Many solitary hours were spent during that anxious fortnight (for mails travelled tardily thirty years ago) in the little room—and many wrestlings of secret, silent prayer these narrow walls were witness to. Jacky, gliding hither and thither in her elfin ubiquity, could hear Mrs. Catherine’s step shake the floor; and listened in tremulous awe and reverence sometimes to those often-repeated words, the burden of Mrs. Catherine’s anxiety: “Isabel Balfour’s one son—that might have been your firstborn, Sholto Douglas!” But Jacky, with a sentiment of honor peculiar to herself, kept her knowledge of Mrs.
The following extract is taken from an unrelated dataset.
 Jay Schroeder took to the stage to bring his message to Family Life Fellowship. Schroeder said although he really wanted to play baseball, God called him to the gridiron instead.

Catherine’s trouble, jealously within her own mind, and in the intervals of her heterogeneous occupations, and no less heterogeneous studies, wove dreams of that young Laird of Strathoran, over whom Mrs. Catherine prayed and mourned—and creating for his especial service, some such wondrous vassal as the Genii of Aladdin, conjured Sholto Douglas back to life and lands again, and made the prodigal his heir and son.
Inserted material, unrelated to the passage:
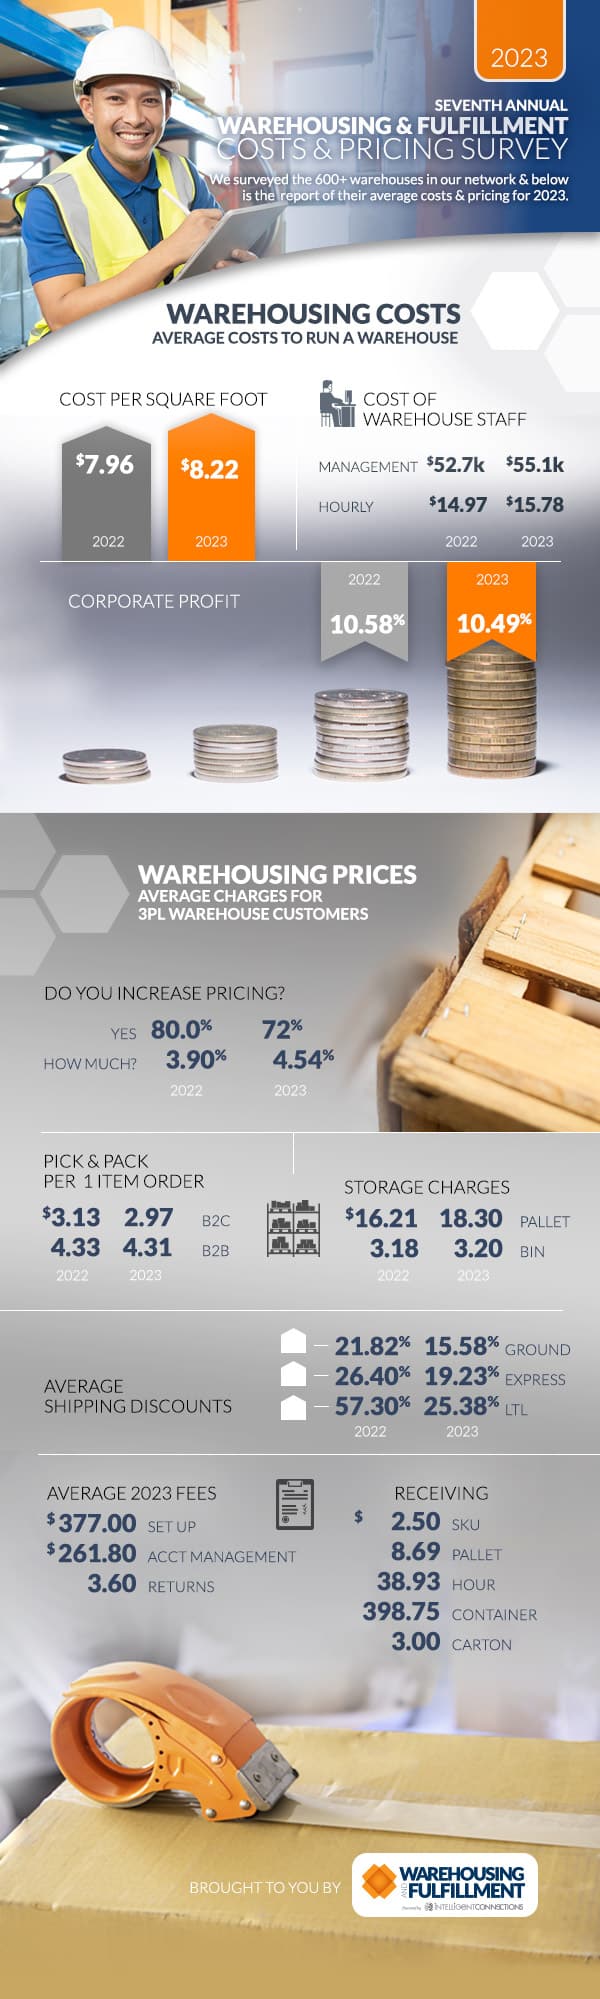 2023 3PL Warehouse Costs

Little Bessie, Alice Aytoun’s maid, did not know what to make of that strange, thin, angular girl, with her dark keen face, and eccentric motions, and singular language. Bessie, plump, rosy and good-humored, looked on in wondering silence as Jacky sat on the carpet in the library, bent almost double over some mighty old volume from those heavy and well-filled shelves—was inclined to laugh sometimes, yet checking herself in mysterious reverence, revolved in her mind the possibility of Mrs. Catherine’s frequent epithet “you elf”—having in it some shadow of truth. Bessie had read fairy tales in her day, and knew that in these authentic histories there were such things as changelings—could this strange Jacky be one? The flying footsteps, and bold leaps and climbings, which Bessie did not venture to emulate, gave some color to the supposition, so did these out-of-the-way studies and singular expressions; but Jacky withal was not malicious, nor evil-tempered, and Bessie paused before condemning her. On consulting Johnnie Halflin on the subject, she found him as much puzzled as herself.
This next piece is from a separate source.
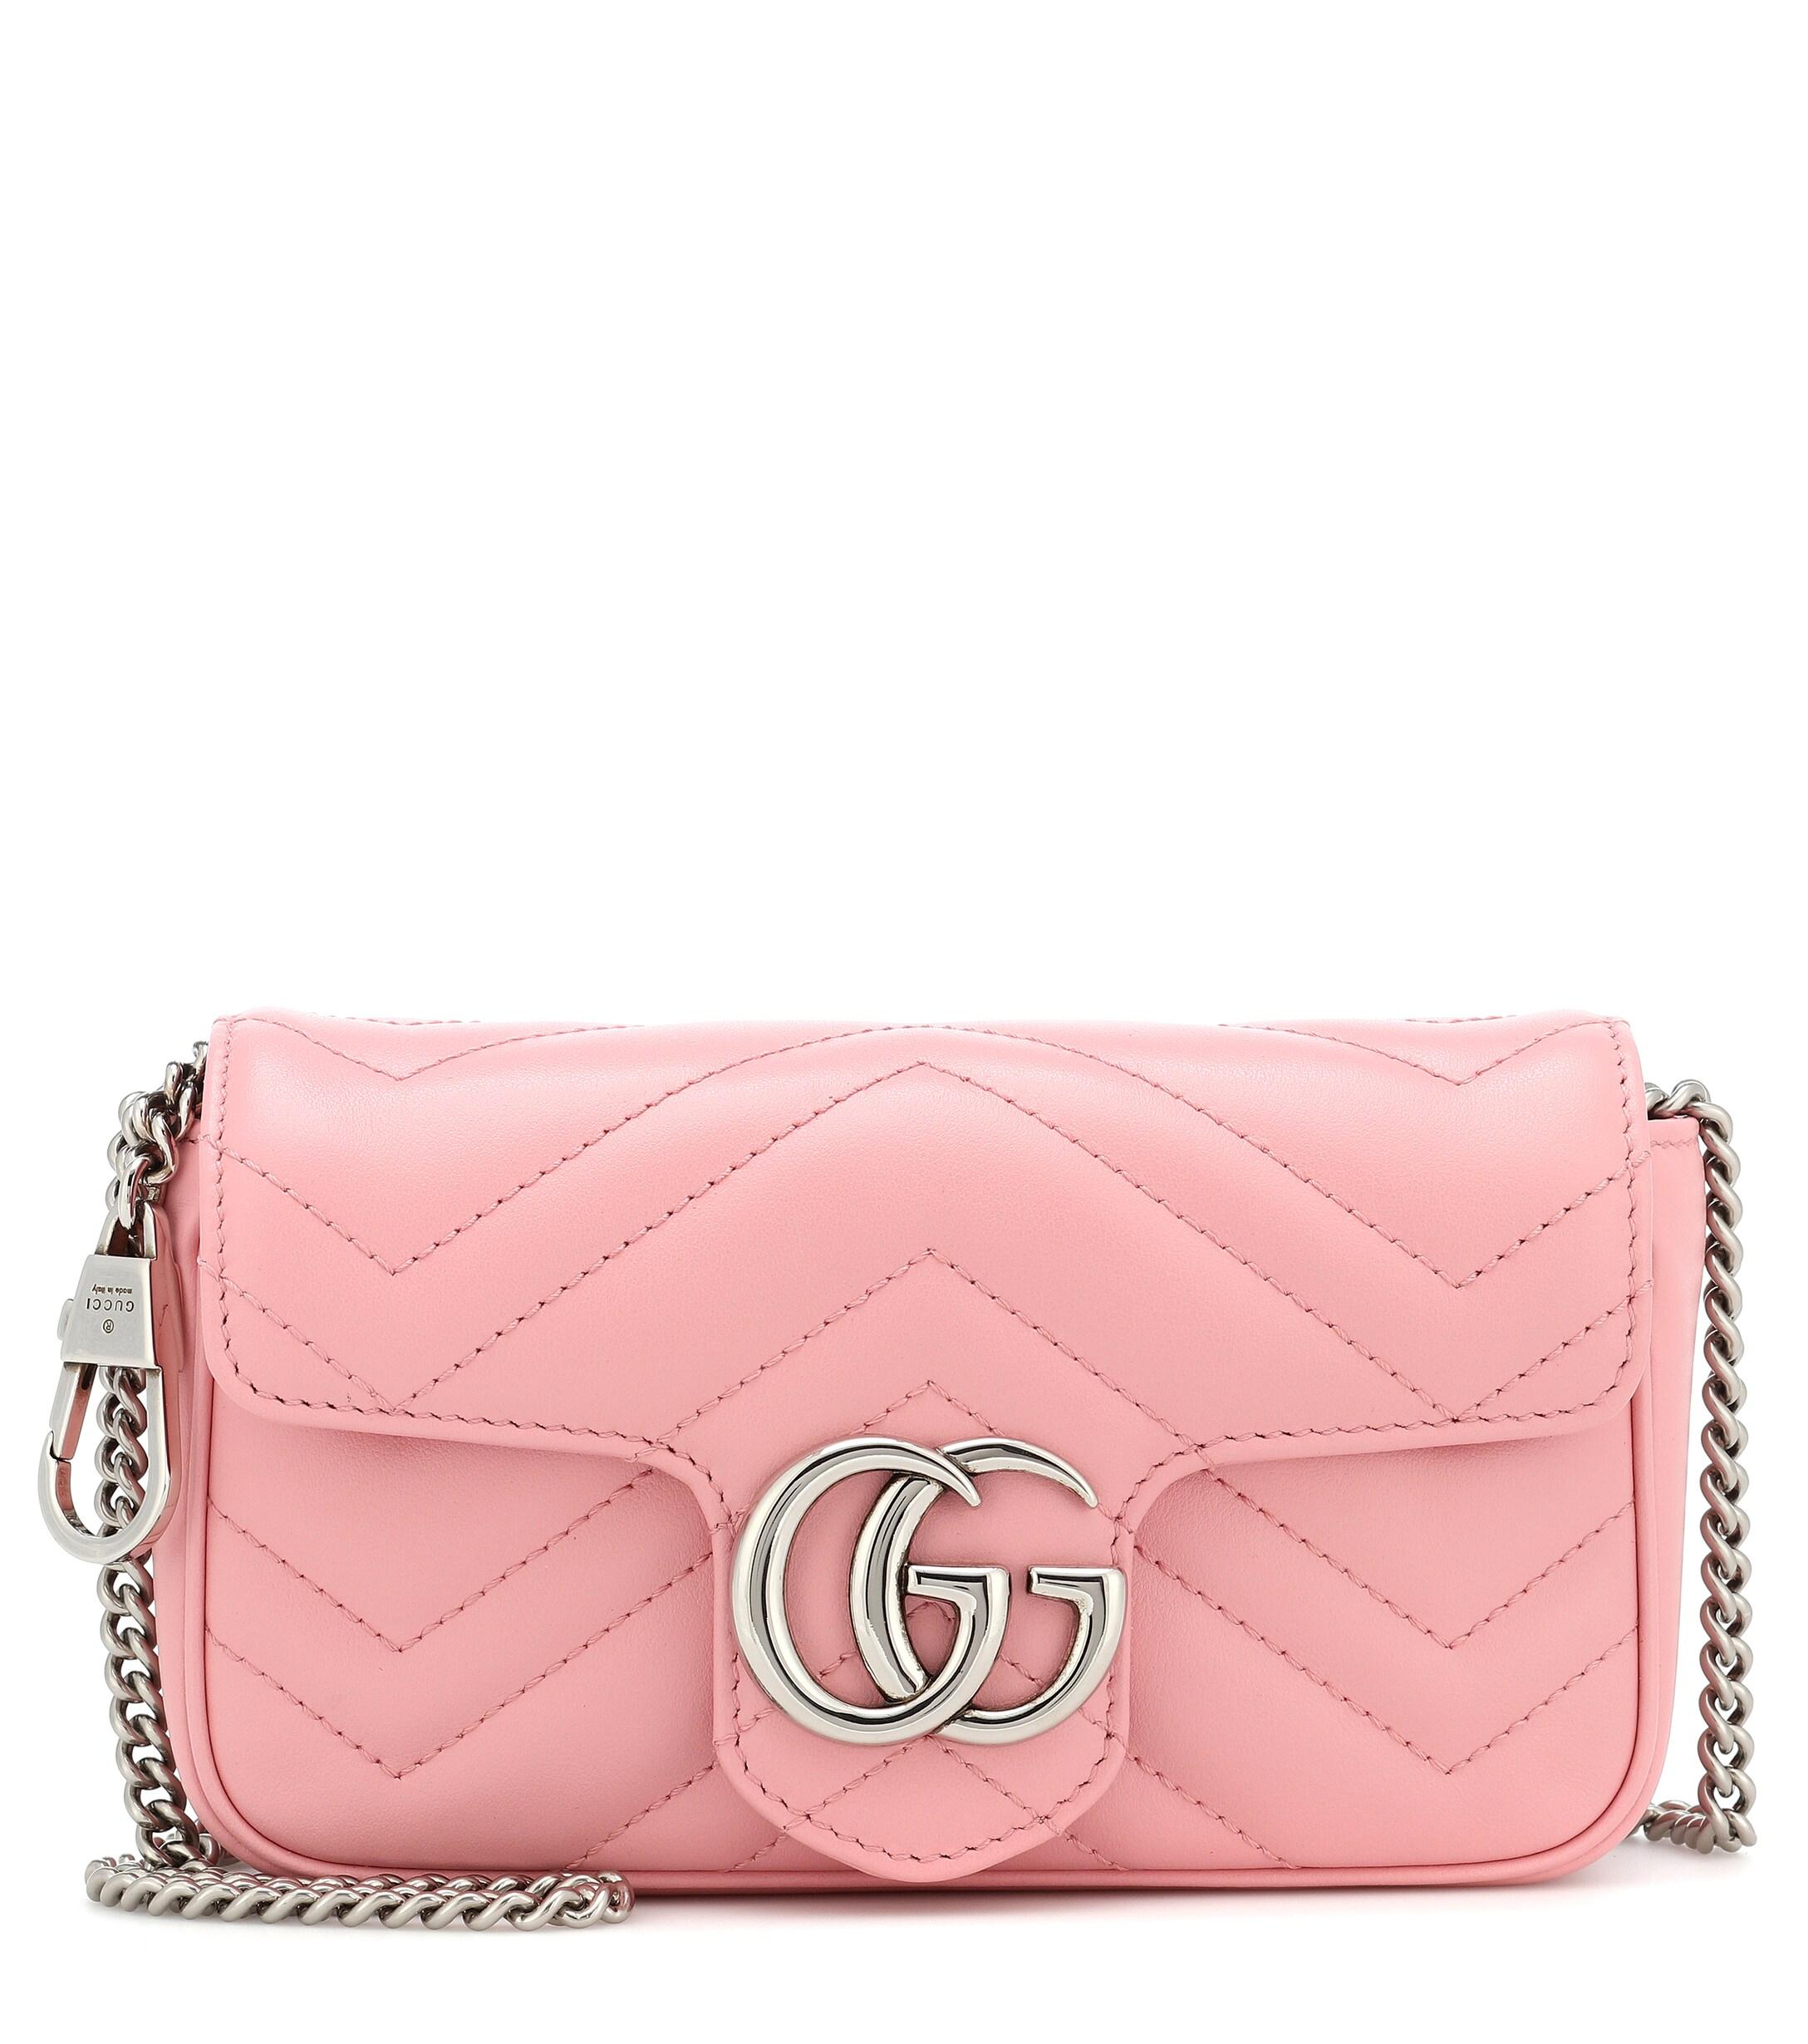 Gucci GG Marmont Super Mini Leather Shoulder Bag in Pink - Lyst

“For ye see,” said Johnnie, “she was never at the schule—and look till her reading! I was three—four year at it mysel, the haill winter; for ye ken in this part, Bessie, it’s no’ like a toun—there’s the beasts to herd all the summer and other turns, till the shearing’s by; but I wad rather hae a day’s kemping with that illwilly nowt that winna bide out o’ the corn, than sit down to the books wi’ Jacky. She kens best herself where she learnt it.”
“And look how she speaks,” ejaculated Bessie.
“Speaks! ye have not heard her get to her English—it’s like listening to the leddies. No Mrs. Catherine ye see, for one canna think what words she says—ye just ken when ye hear her, that ye maun do what ye’re bidden in a moment; but Jacky! ye would think she got it a’ out of books—whiles, when ye anger her—”
“Eh, Johnnie! yonder she is, coming fleeing down the hill,” cried little Bessie in alarm, as a flying figure paused on a ridge of the steep eminence above them, and drew itself back for a final race to the bottom. “Look! ye would think she never touched the ground.”
“Whist, whist,” said Johnnie, apprehensively, “she can hear ony sound about the place, as quick as Oscar, and Oscar’s the best watch in the parish—be quiet, Bessie.”
The youthful gossips were standing, during their gloaming hour of leisure, at the back of a knot of outhouses, barns, and stables, and Jacky came sweeping down upon them out of breath.
“Are you there, Johnnie Halflin? is that you, Bessie? Has my mother been in the barn yet?—whisht, there she’s speaking.”
“No, it’s Jean,” said the lad; “the cow’s better, and Jean said she would never let on there had been onything the matter wi’t, or else the puir beast would be killed wi’ physic. Ye needna tell on her, Jacky—ye wadna like to harm a bonnie cow like yon, yoursel.”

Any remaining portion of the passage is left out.